Pour autant, afin d'éviter un fastidieux exposé qui étudierait le problème selon une démarche chronologique, nous étudierons en premier lieu l'acte de fumer en lui même.

L'envie de fumer naît chez l'amateur par un cheminement de pensée qui l'amène à songer aux cigares. Des cigares en général, il passe aux différents modules qu'il connaît puis à ceux qu'il possède dans son coffre. Enfin, face à ses précieux cigares il parcourt des yeux les différents modules, observe les bagues et comme un amoureux des livres devant une bibliothèque qui arrête son choix sur tel rayonnage et tel volume, il choisit un cigare. L'analogie est également vraie pour ce qui touche à l'anticipation du plaisir que le connaisseur compte retirer de sa dégustation ou de sa lecture. De plus, nous verrons que l'on peut tout autant se plonger dans un cigare comme l'on se plonge dans un livre afin de s'isoler du monde. Ce processus peut être rapide, l'habitué d'un club par exemple, peut commander sur le champ le cigare dont il a envie et qu'il est assuré de trouver dans son club, sinon à quoi servirait son club ? Parfois, l'amateur peut prolonger cette envie, par choix il peut l'entretenir, la laisser se développer jouissant par avance de l'instant où il se délivrera de cette attente. L'amateur de cigare n'est pas dépendant de son Havane quotidien comme un drogué, il cherche à réunir toutes les conditions voulues par lui pour sa dégustation.

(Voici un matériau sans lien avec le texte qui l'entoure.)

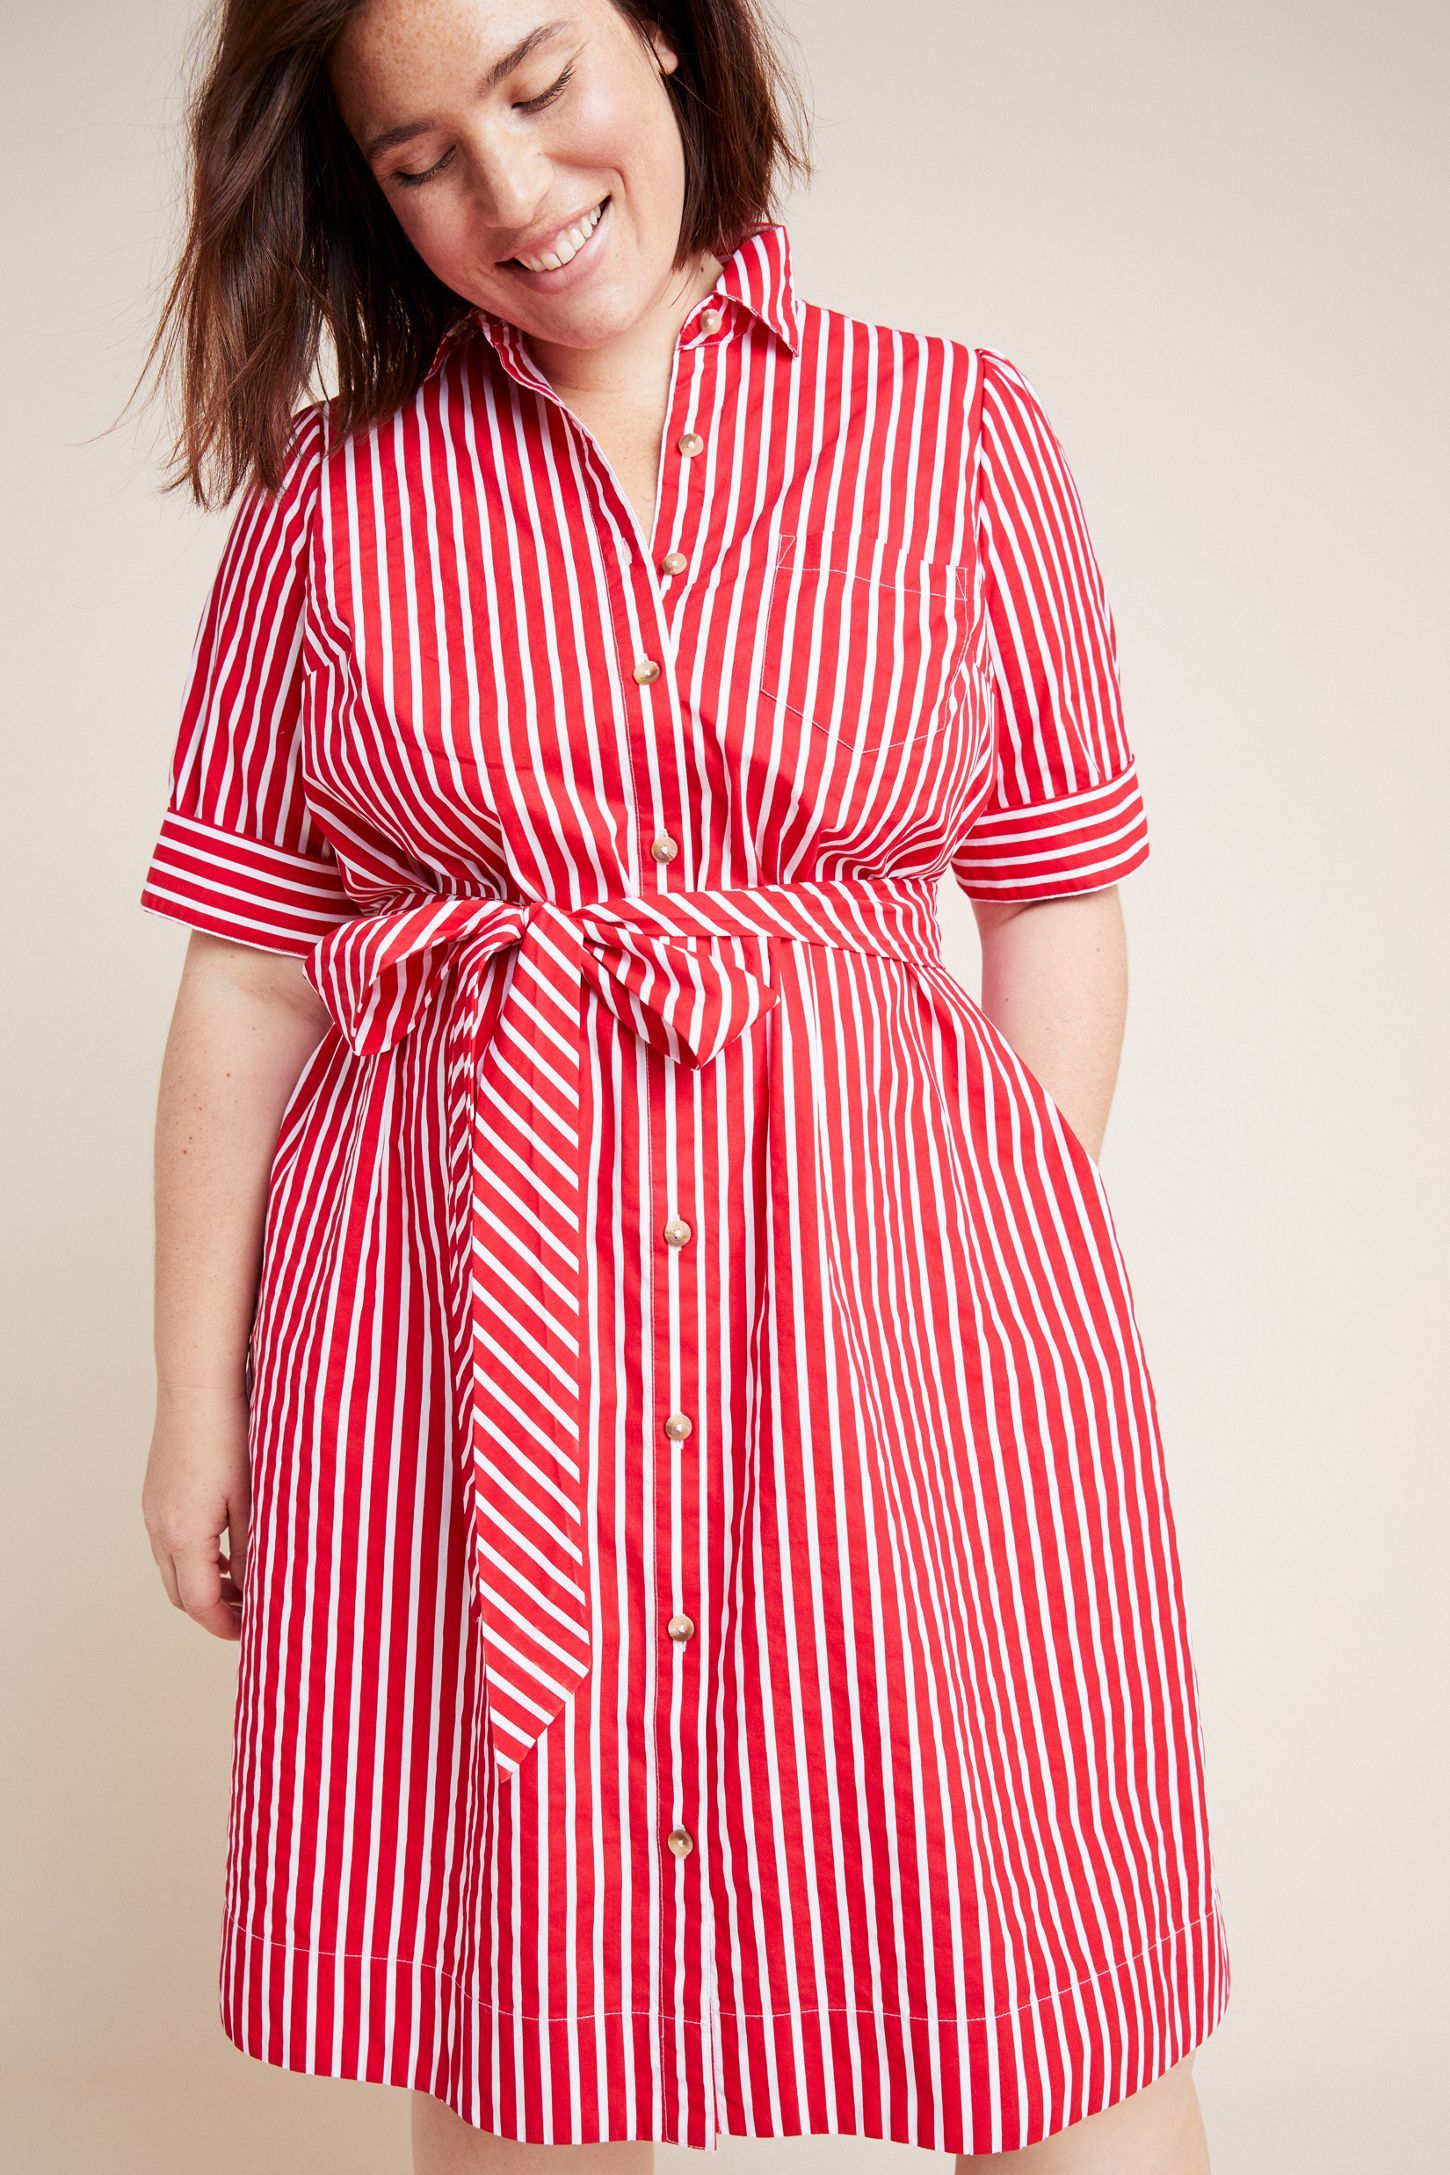 Anthropologie Striped Dress + Clare V Striped Tote — bows & sequins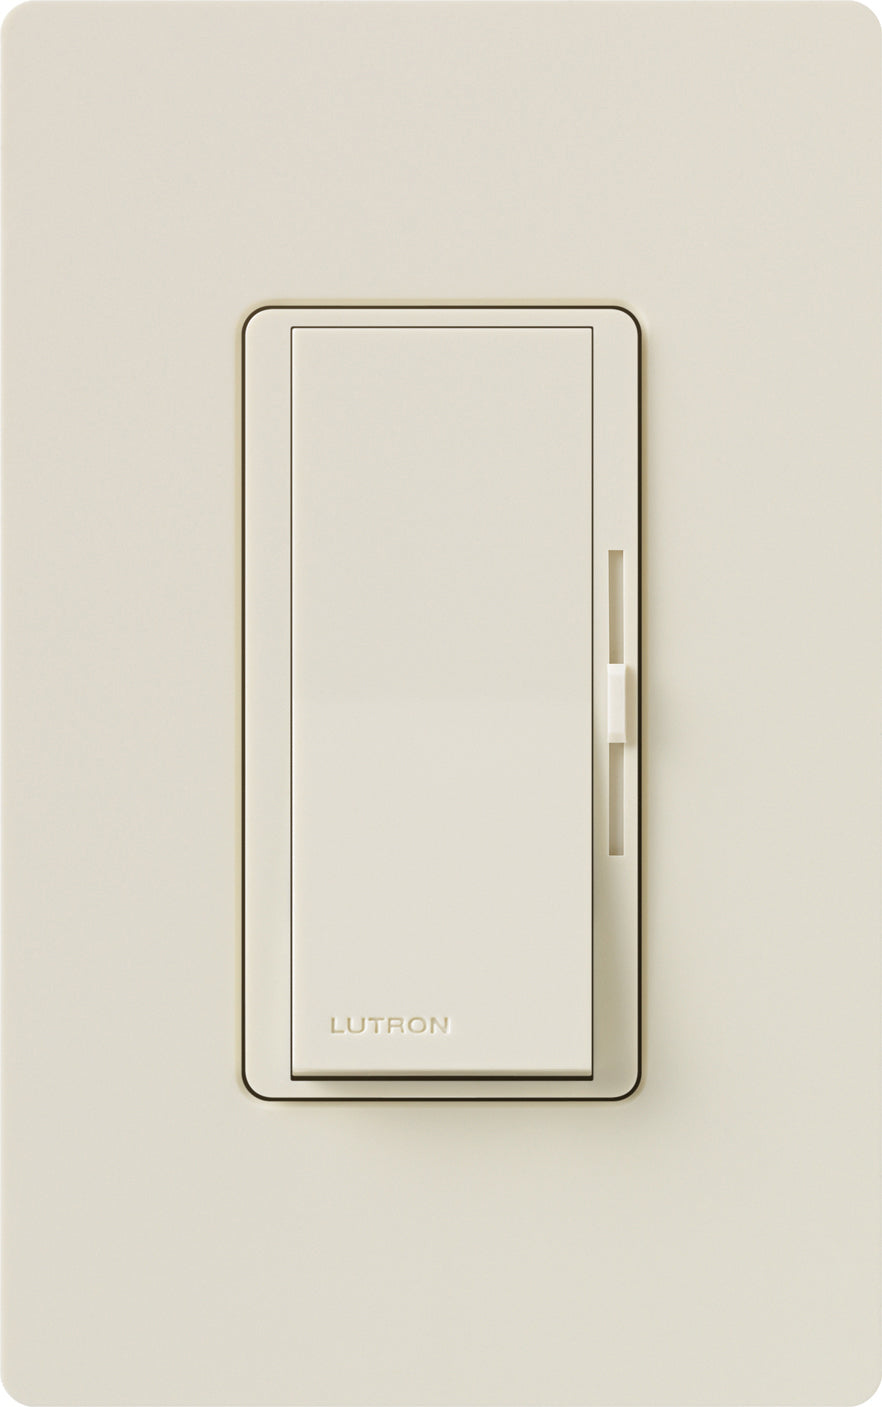 Electronic LV dimmer, 300W

Parmi ces conditions, se doivent de figurer le calme, un cadre agréable et la disponibilité du fumeur. L'amateur veillera toujours à disposer du temps indispensable à la dégustation de son cigare. Un cigare réclame qu'on lui consacre du temps. Il demande avant tout une attente de quinze à trente minutes avant de le déguster. Après un dîner, il est indispensable de laisser les sens se reposer avant de fumer. De même, patienter un quart d'heure une fois installé à une table, ou dans un fauteuil n'est pas superflu.

Un cigare s'apprécie

Ensuite, un cigare doit se fumer lentement. Un corona qui correspond à un cigare moyen d'environ treize centimètres de long va exiger pratiquement une heure à raison d'une bouffée par minute. Fumé correctement un double corona - au dessus de vingt centimètres - prend deux heures. Nous sommes on le voit aisément à l'opposé du fumeur stressé qui tire nerveusement sur sa cigarette. Le cadre est également très important. Il revient à chacun d'affiner le cadre idéal selon ses goûts, mais là encore, le cigare impose ses règles. C'est ainsi que l'on ne doit pas fumer à l'extérieur, à moins qu'il s'agisse d'un endroit bien abrité du vent et suffisamment calme. Car toute agitation détourne l'attention et vient perturber le plaisir d'un cigare. On n'imagine pas d'écouter une symphonie au milieu d'une avenue passante entre le bruit des voitures et les travaux. Quant au vent il viendrait accélérer la combustion du cigare, l'augmentation de la température du foyer modifierait alors l'équilibre délicat propre au cigare.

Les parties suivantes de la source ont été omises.